The journey of a thousand miles begins with the first step. But what happens when it ends 500 feet before it’s supposed to? Boats & Gear Editor Michael Crowley’s Boatbuilding story for this issue illustrates perfectly that in fishing, as in life, anything can happen. (And that goes for the good as well as the bad.)

When the owners of the Sea Mac, a 90-foot dragger and tender out of Kodiak, needed a new engine, the first thing they had to do was appeal to the EPA to keep a Tier 1 engine in their boat. Improving standards for emissions have phased out Tier 1 engines, but if moving on to Tier 3 is a financial hardship for the boatowner, they might get a dispensation.

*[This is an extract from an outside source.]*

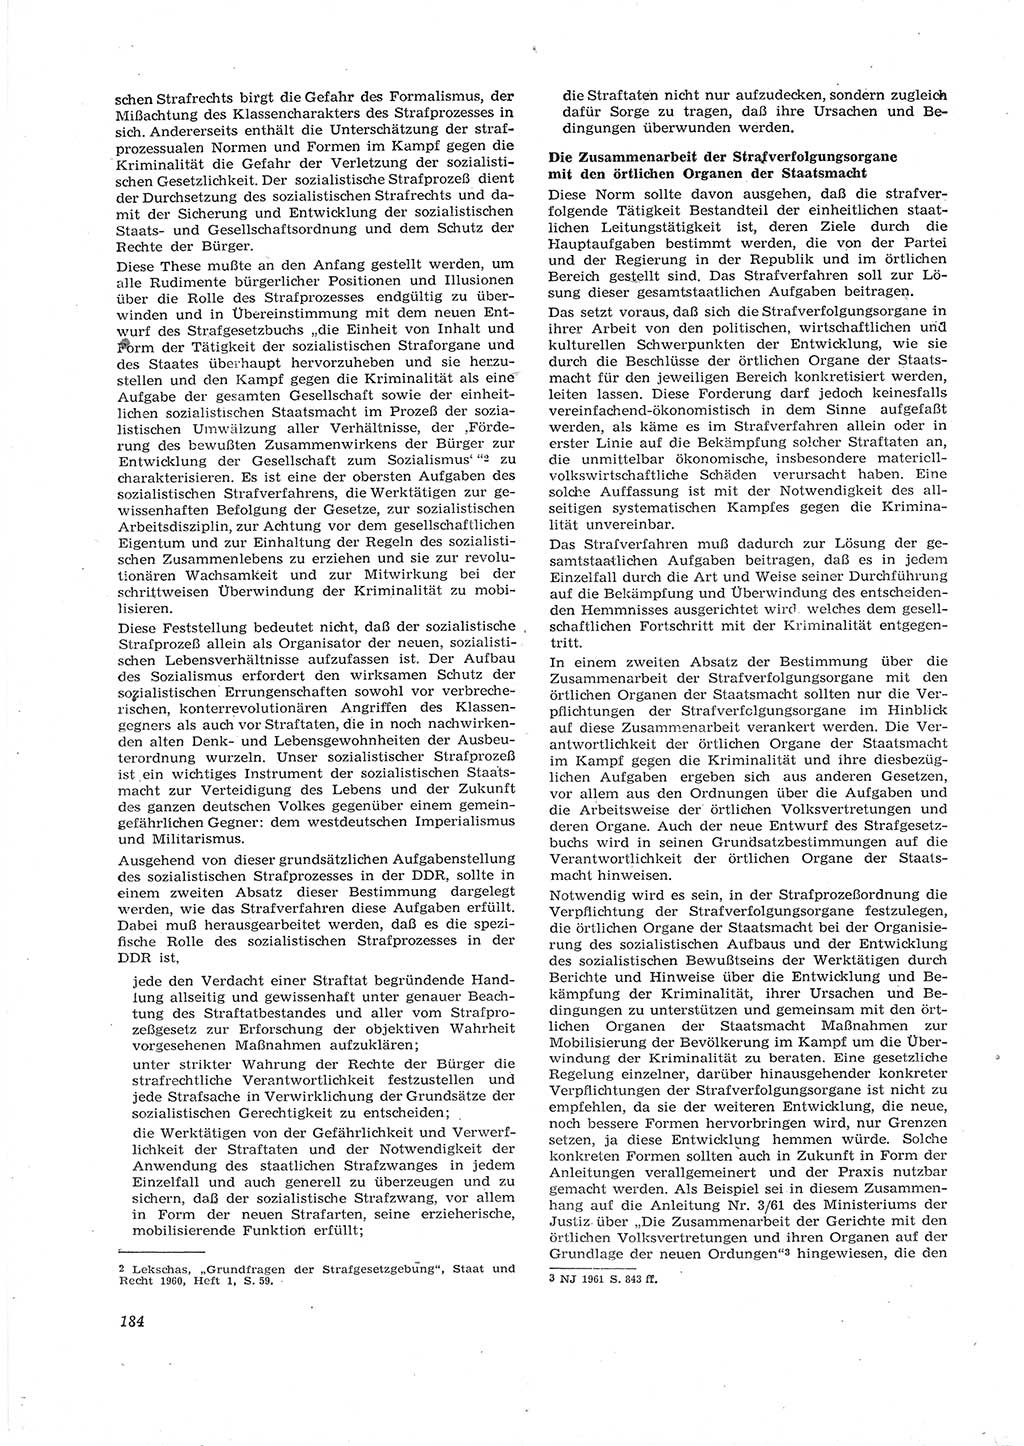 Neue Justiz (NJ), Zeitschrift für Recht und Rechtswissenschaft [Deutsche Demokratische Republik (DDR)], 16. Jahrgang 1962, Seite 184 (NJ DDR 1962, S. 184)

And that they did. Then they turned to Hansen Boat Co. in Everett, Wash., to help them install their new Cummins KTA-38M. The only hiccup was that because those engines are no longer the standard here, they aren’t made here either. So it had to make a 13,000-mile journey from the manufacturing plant in India. To find out what happened at the end of that trip, read the full story on page 28 of our print issue.

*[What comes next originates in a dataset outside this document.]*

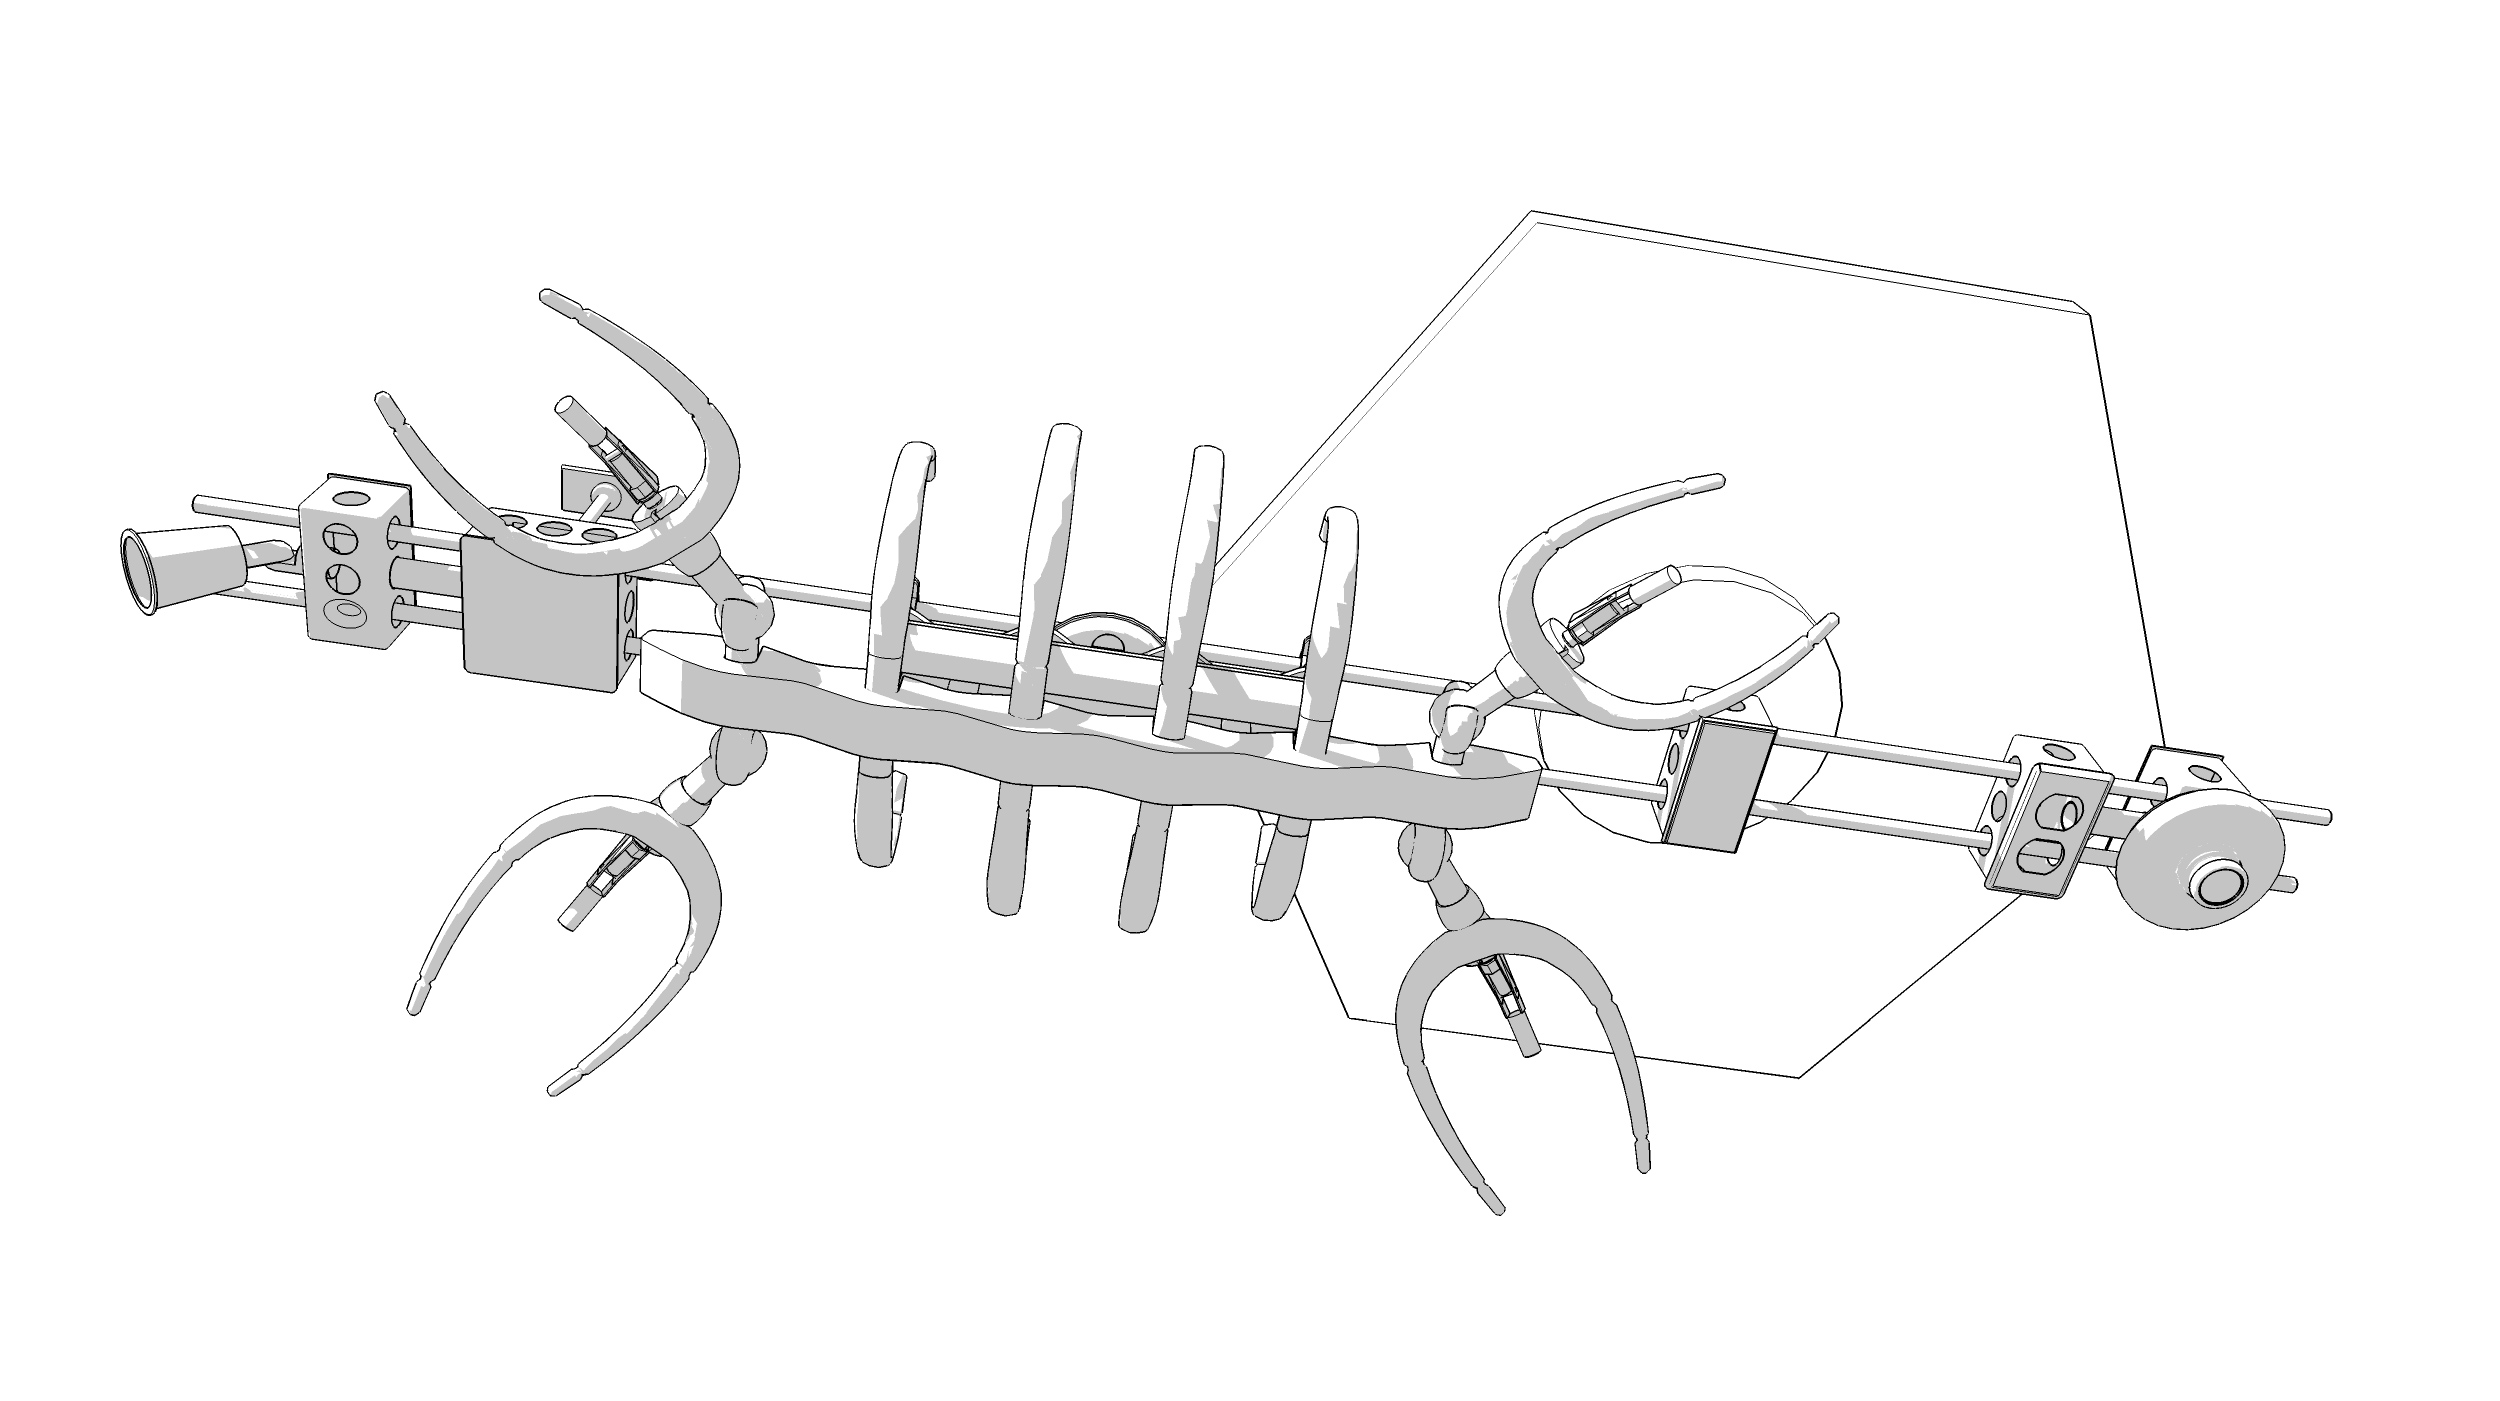 Plesiosaur, v7 concept (2011)

Mishaps in fishing and boatbuilding are par for the course, which is probably why there are so many superstitions on boats, as Lael Henterly learned in her adventure seining chum salmon in Puget Sound out of Gig Harbor, Wash. Henterly is a Seattle-based freelance journalist who says she always seems to find herself in close proximity to the commercial fishing industry. These days she’s living in the water on a houseboat across Salmon Bay from Fishermen’s Terminal. In the fall, she hopped aboard a salmon seiner and fished South Sound with the crew. Lael’s haulback adventure starts on page 22 of our print issue.

A good writer can’t resist a good story, and that’s exactly what you’ll find if you start wandering the docks. Or the hangar. On page 26 of our print issue, Saving Seafood writers John Cooke and Emmie Derback explore the contributions spotter pilots have made to the menhaden fisheries of the East and Gulf coasts. The pilots have been observing the fishery from above for decades and hope that their data will be incorporated into its management. As we were getting ready to send this issue to the printer, the Atlantic States Marine Fisheries Commission confirmed that the last menhaden assessment was deeply flawed. Their new approach validates what the fishermen and pilots have been saying since their quotas were slashed in 2012 — that there are plenty of fish in the sea. Fortunately for the menhaden fleets and pilots, their journey is far from over.